» Available data

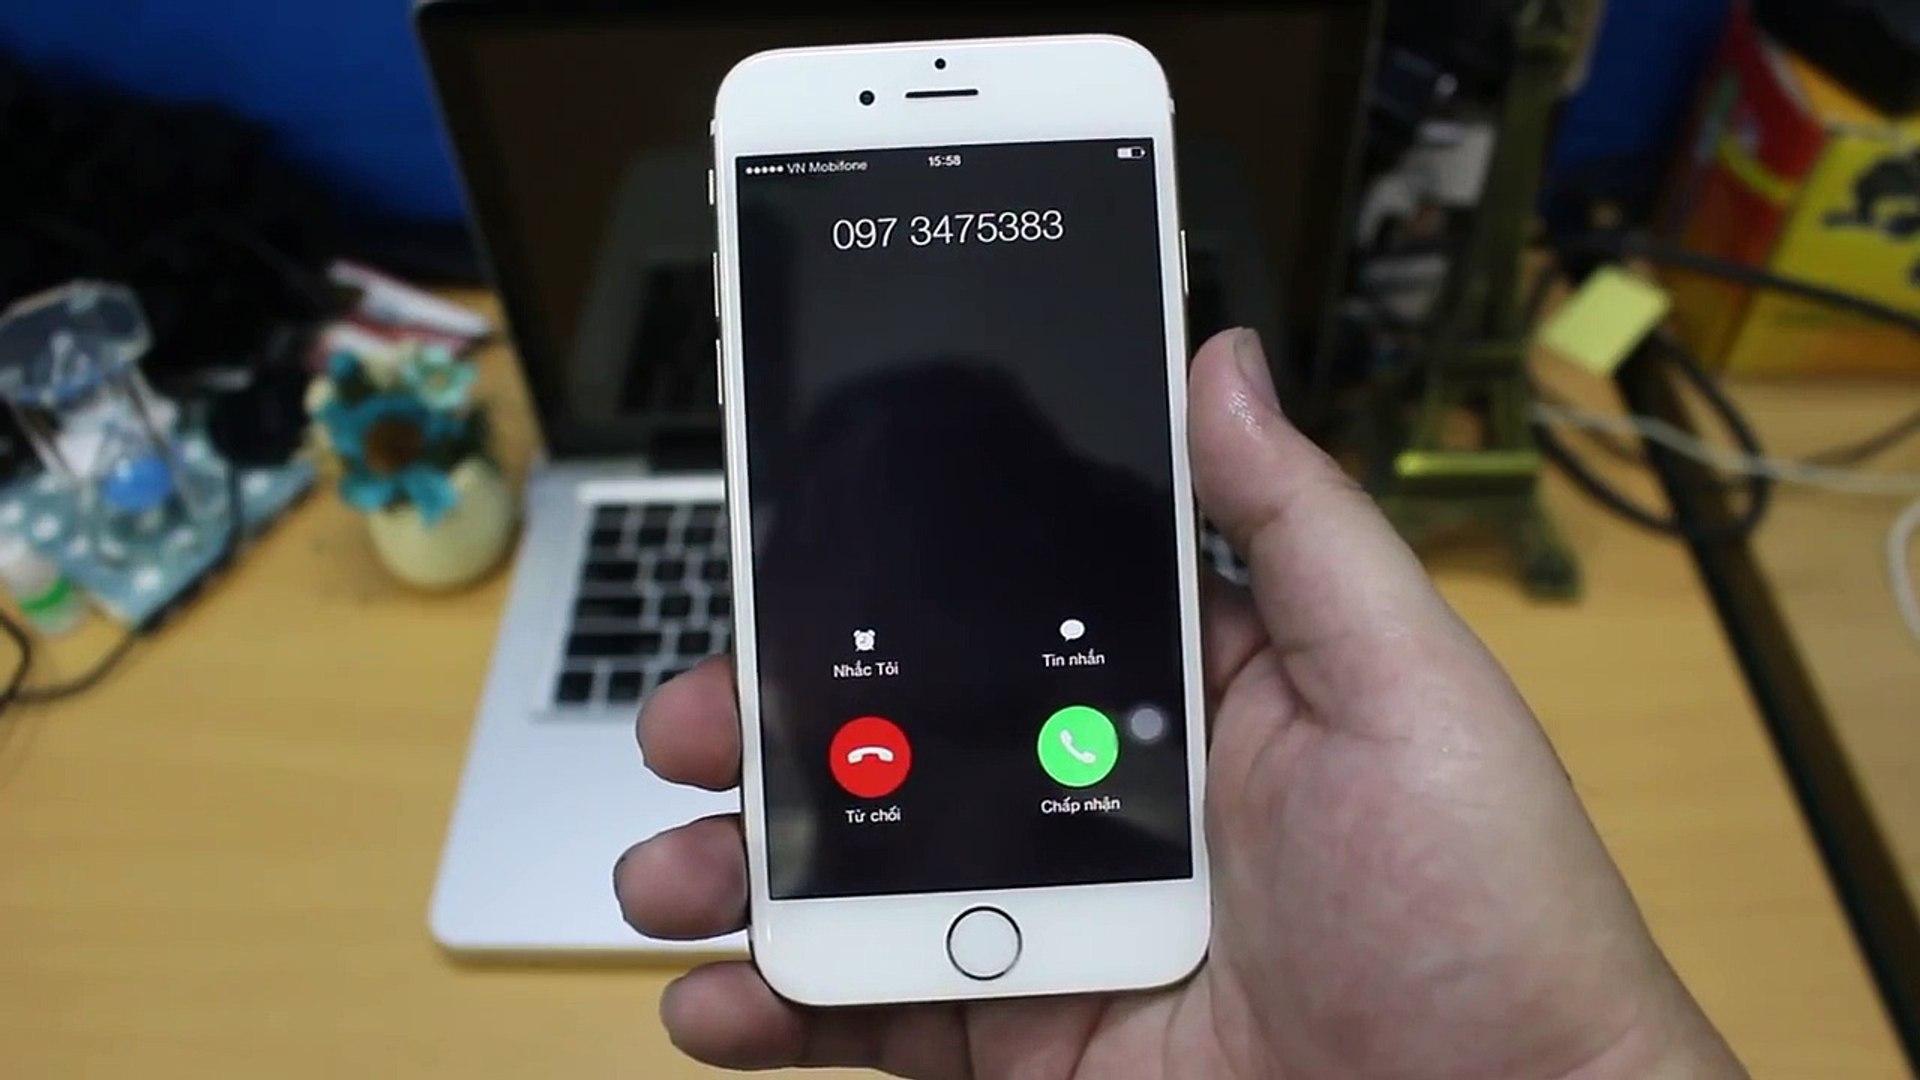 Mở hộp iPhone6 lock xách tay Nhật: Cơn sốt mới của thị trường di động Việt
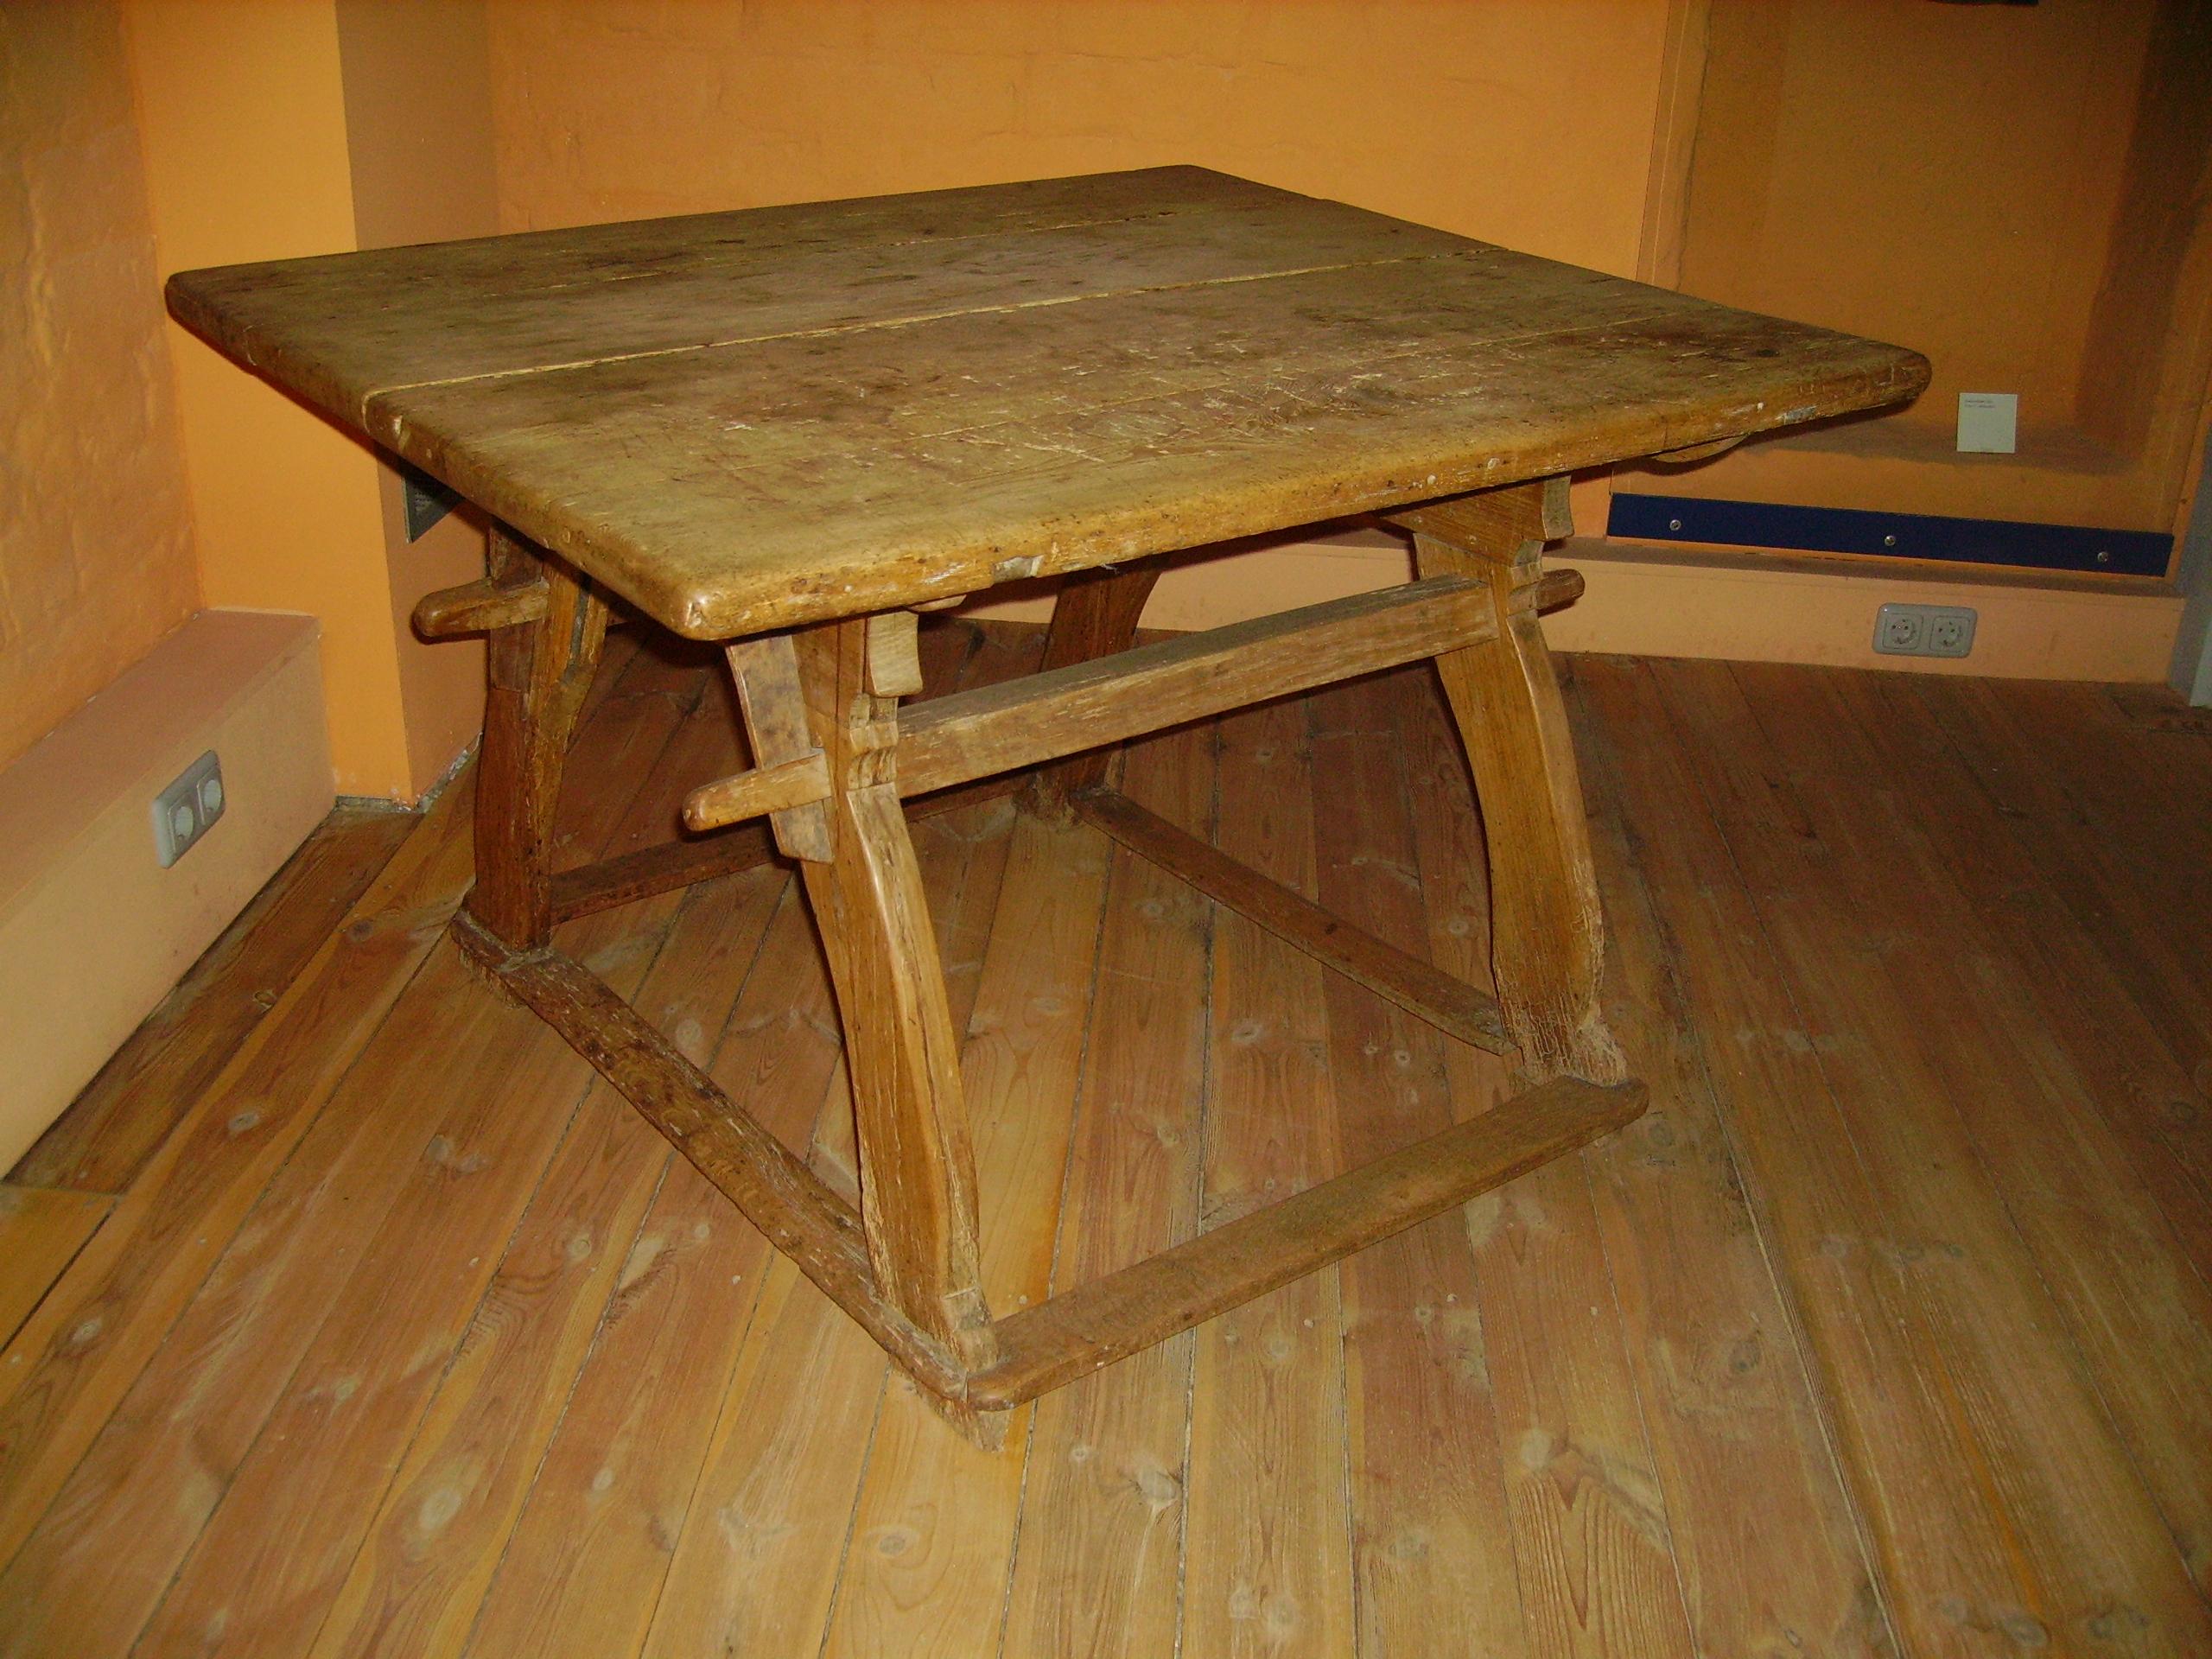 Tisch  Tisch – Wikipedia
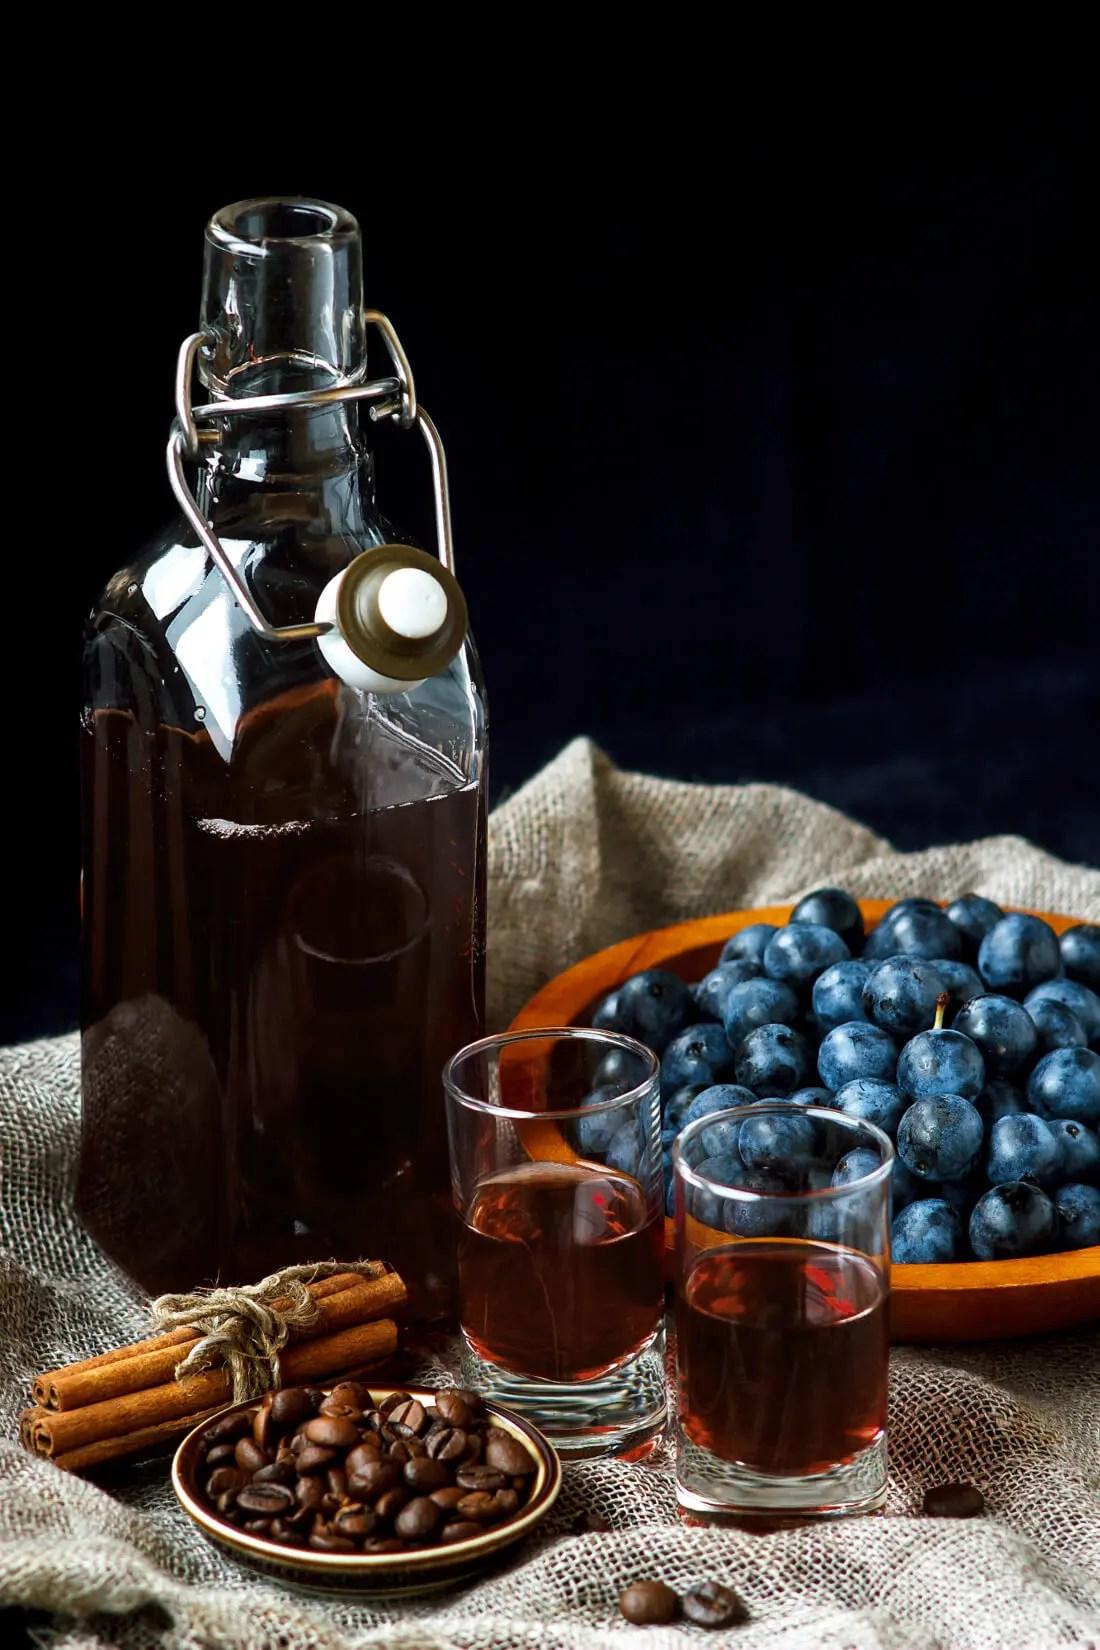 sloe-gin-adobestock_128877462

» To do
The complete listing must be transcribed verbatim, and all pictures are to be omitted.

» Task response
 Mở hộp iPhone6 lock xách tay Nhật: Cơn sốt mới của thị trường di động Việt
 Tisch  Tisch – Wikipedia
 sloe-gin-adobestock_128877462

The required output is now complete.